__Data segment__
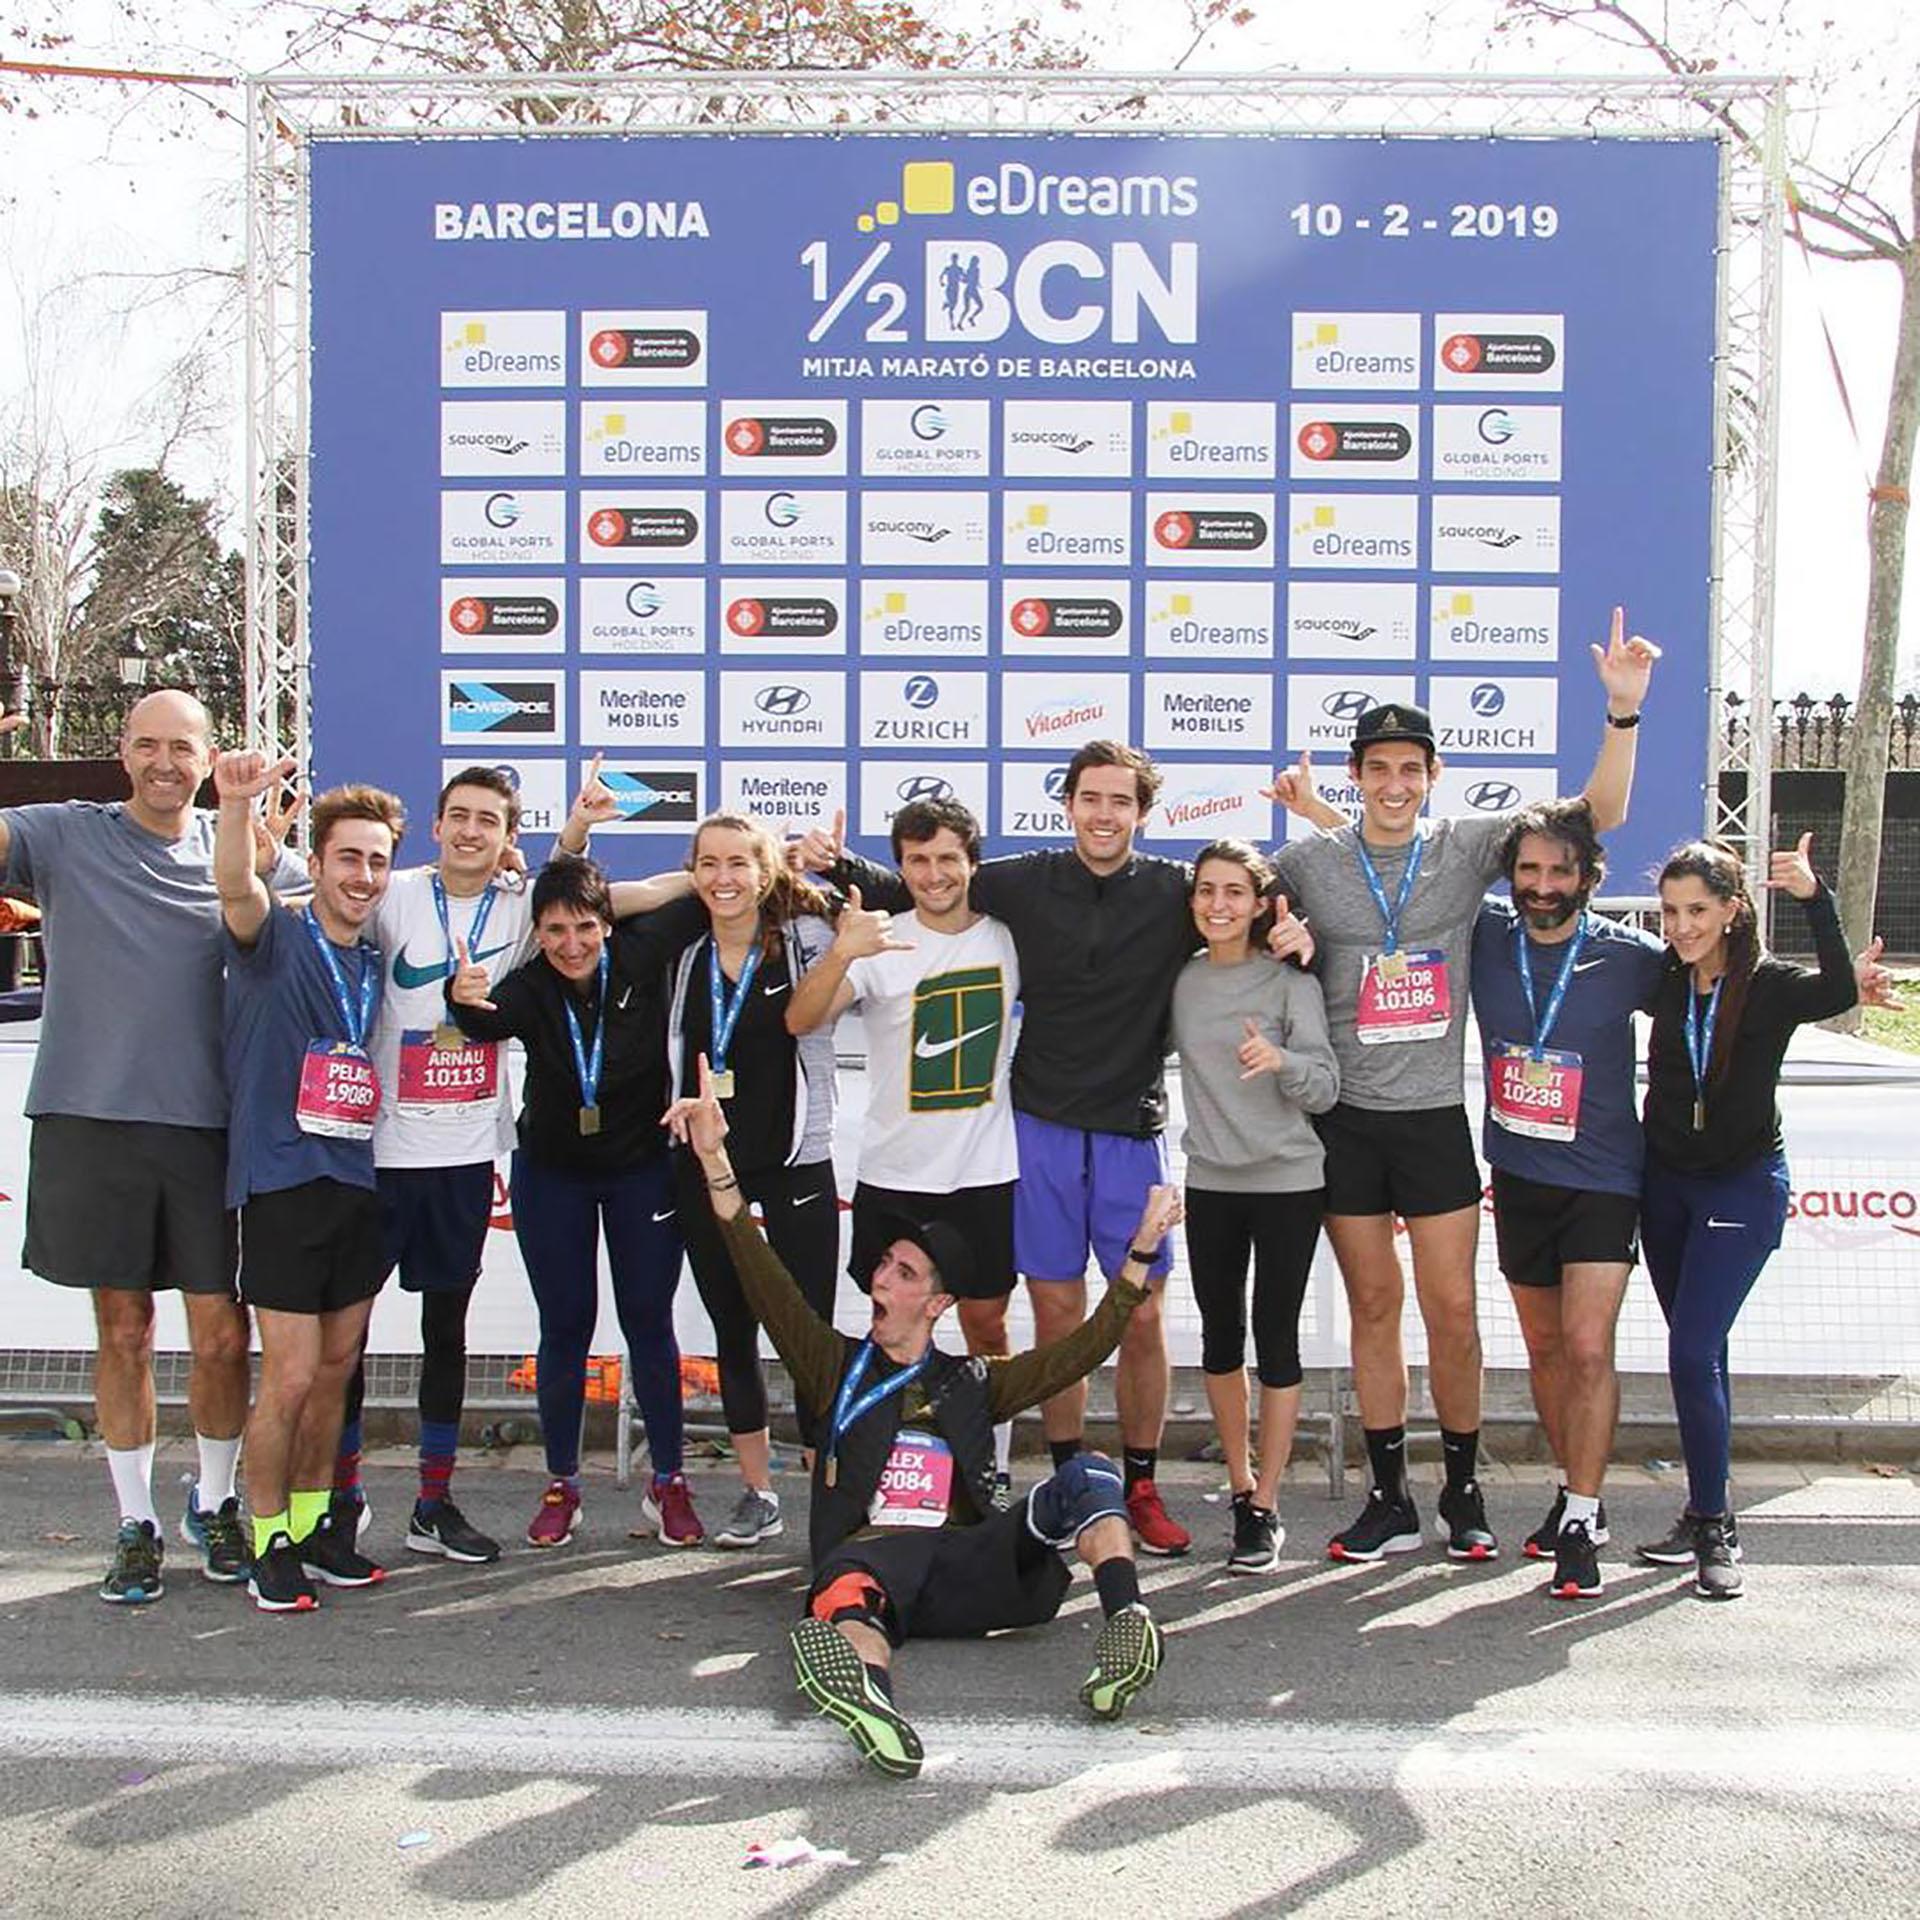 Álex celebrando al final de la media maratón de Barcelona (@alexroca91)
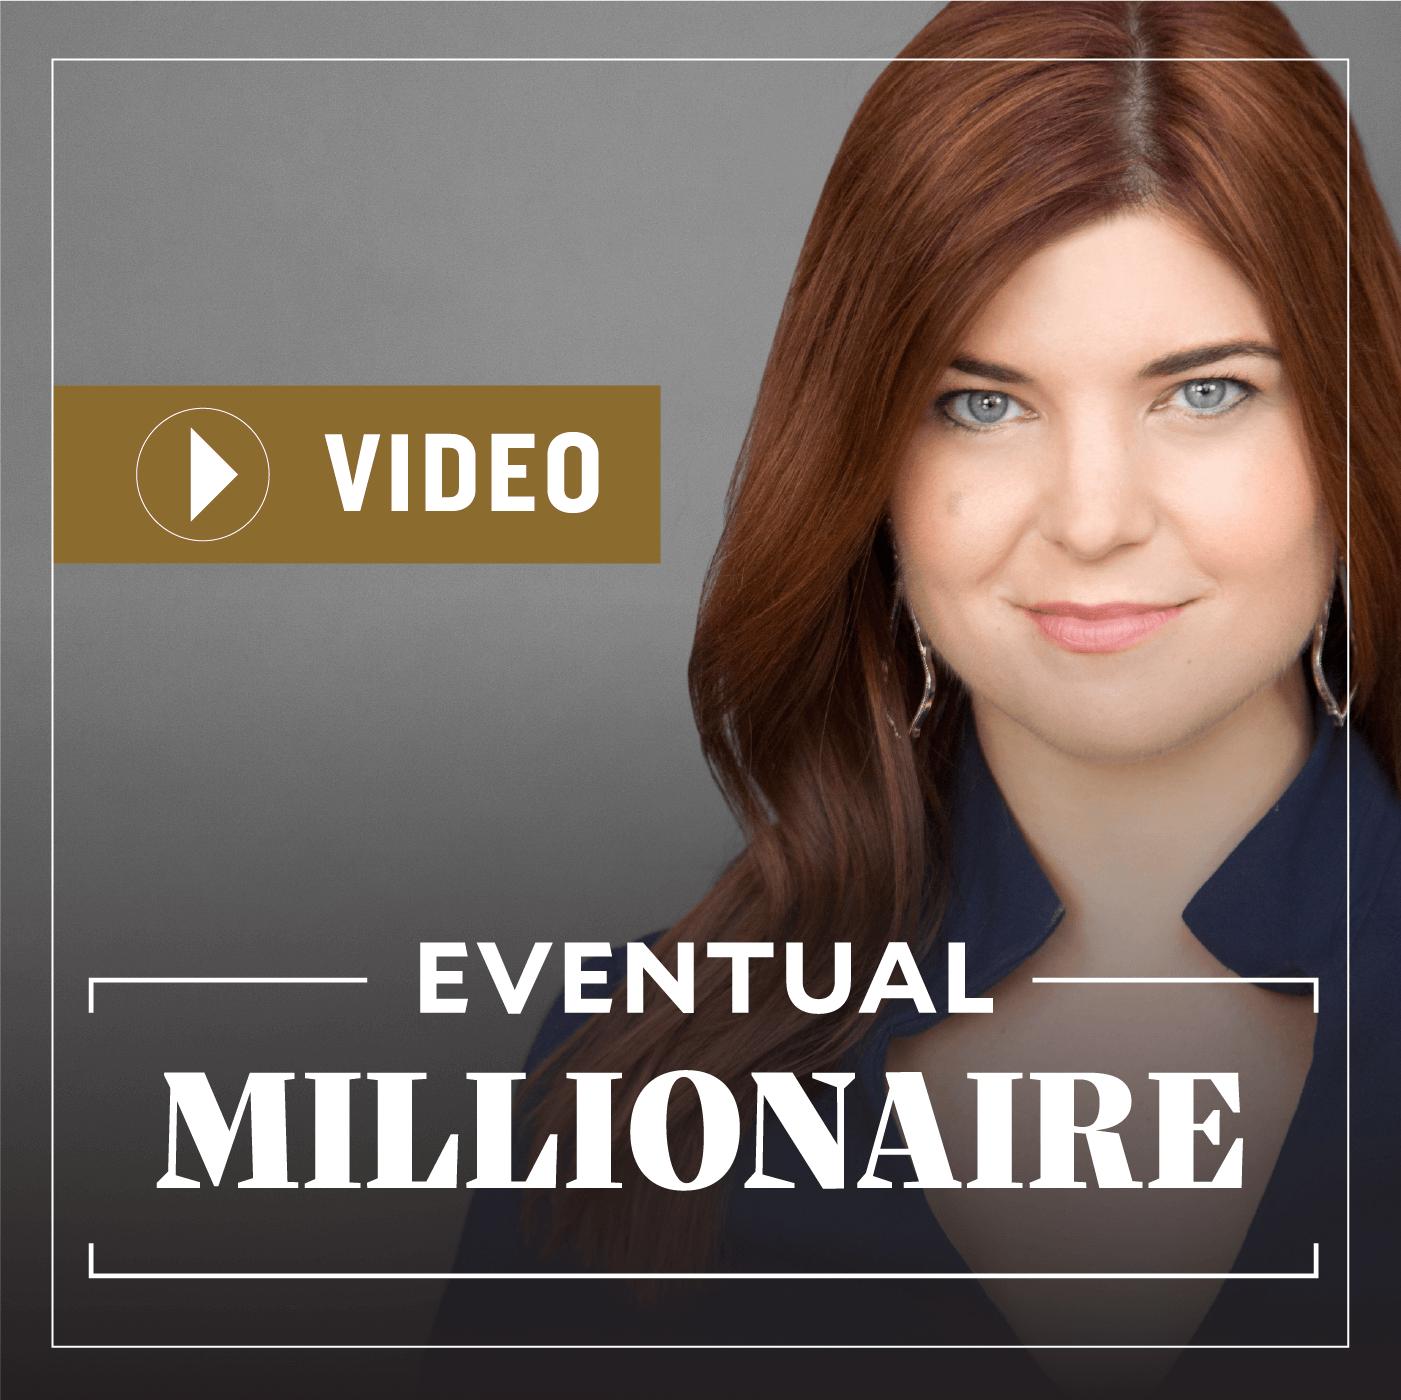 Eventual Millionaire - Millionaire Video Case Studies show art
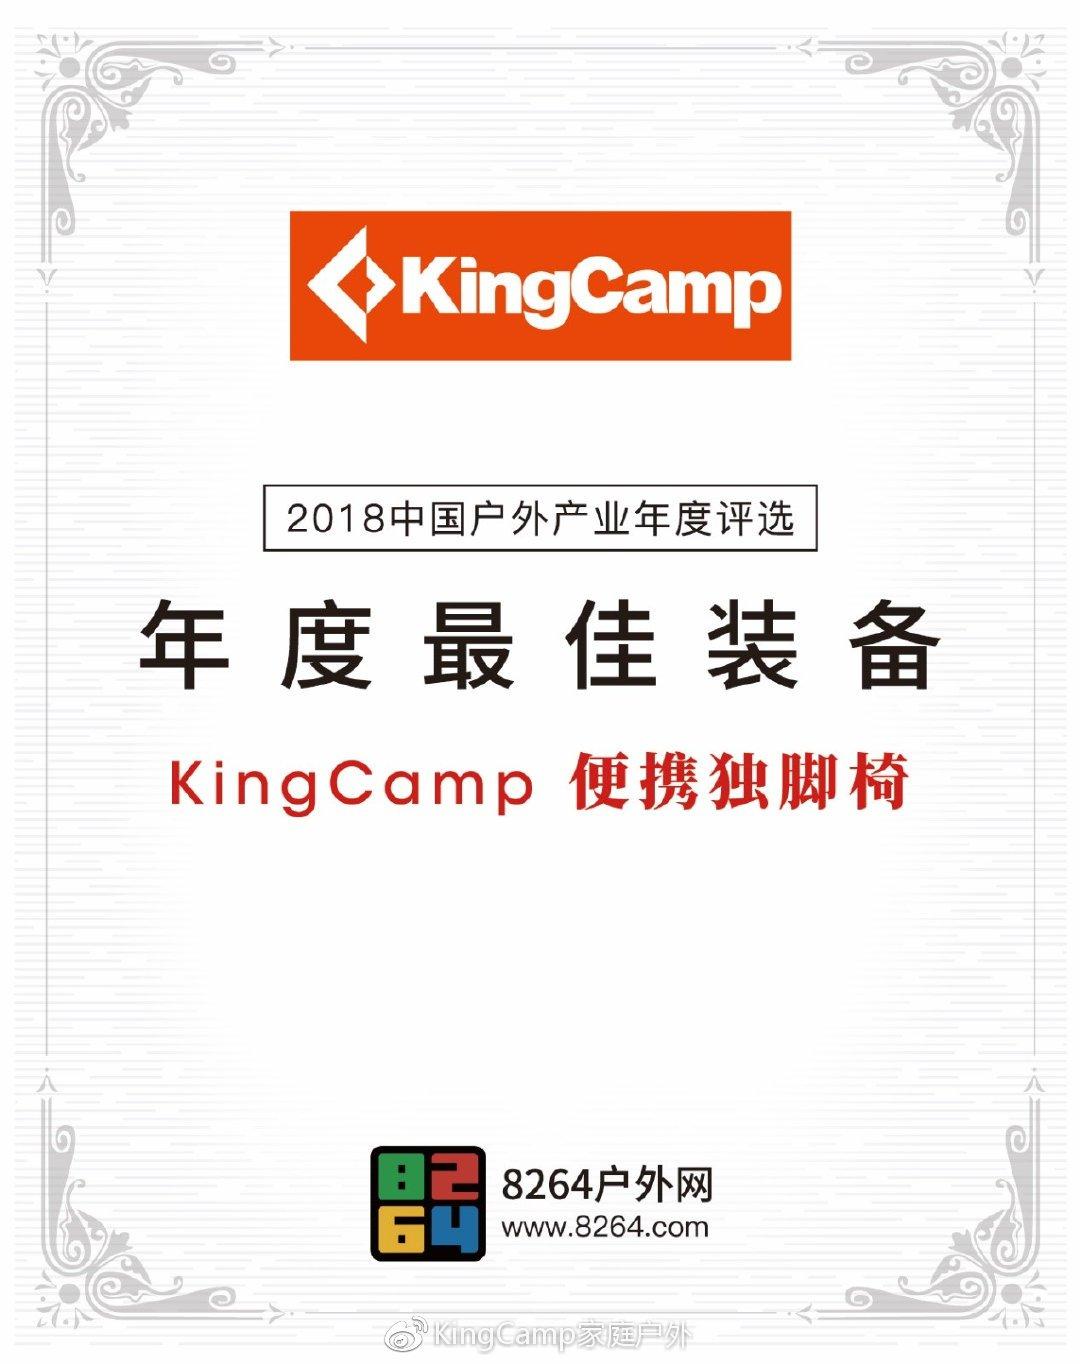 中国户外产业年度评选公布获奖名单 KingCamp揽下年
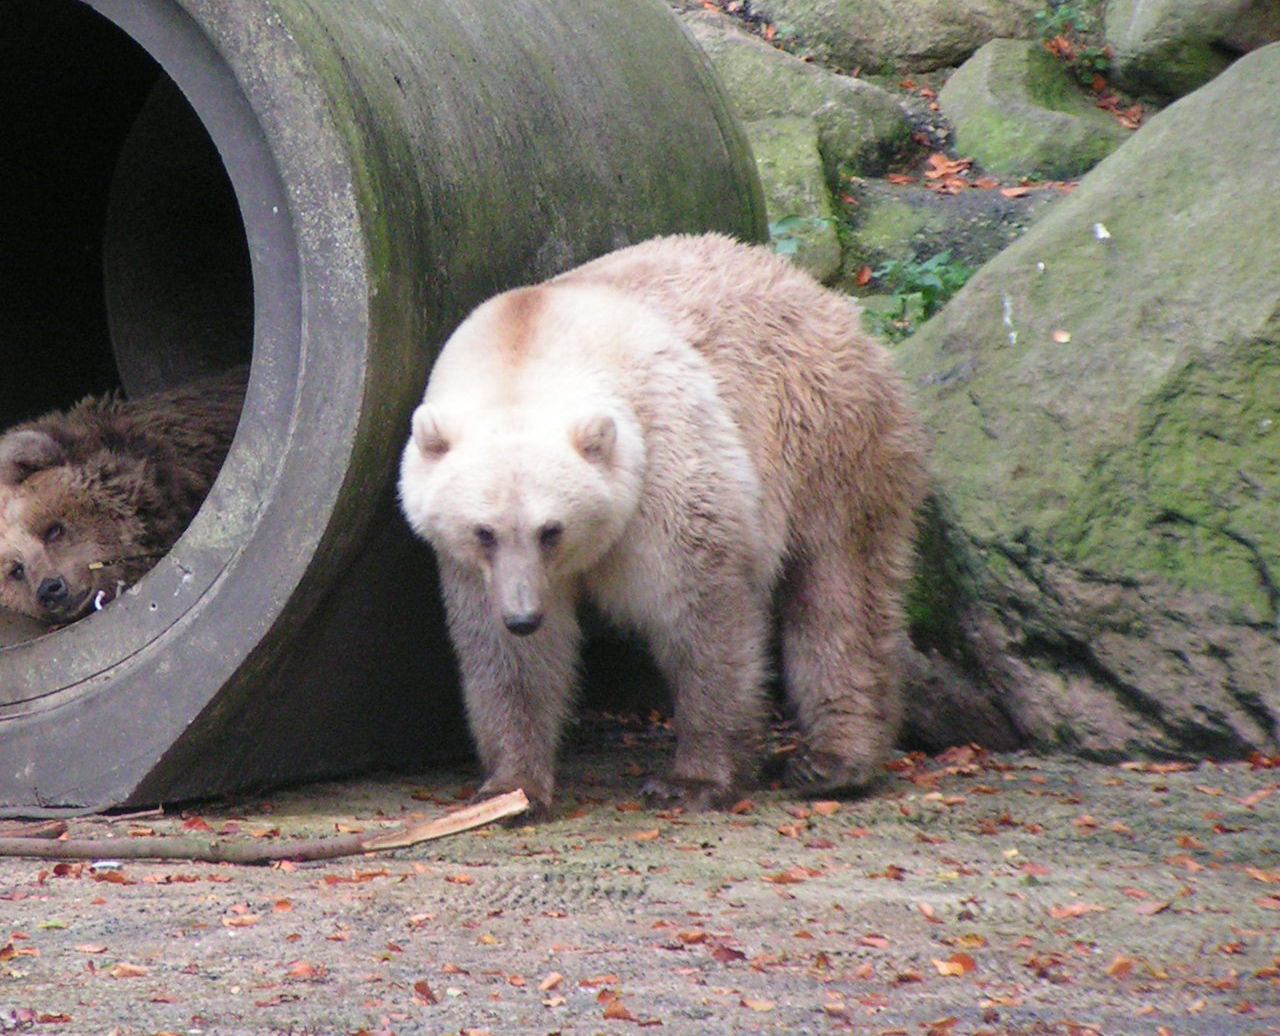 Pizzlybjörnar tros bli vanligare i framtiden

__Task prompt__
Reproduce every line above as written, skipping pictures.

__Answer to this exercise__
 Álex celebrando al final de la media maratón de Barcelona (@alexroca91)
 Eventual Millionaire - Millionaire Video Case Studies show art
 中国户外产业年度评选公布获奖名单 KingCamp揽下年
 Pizzlybjörnar tros bli vanligare i framtiden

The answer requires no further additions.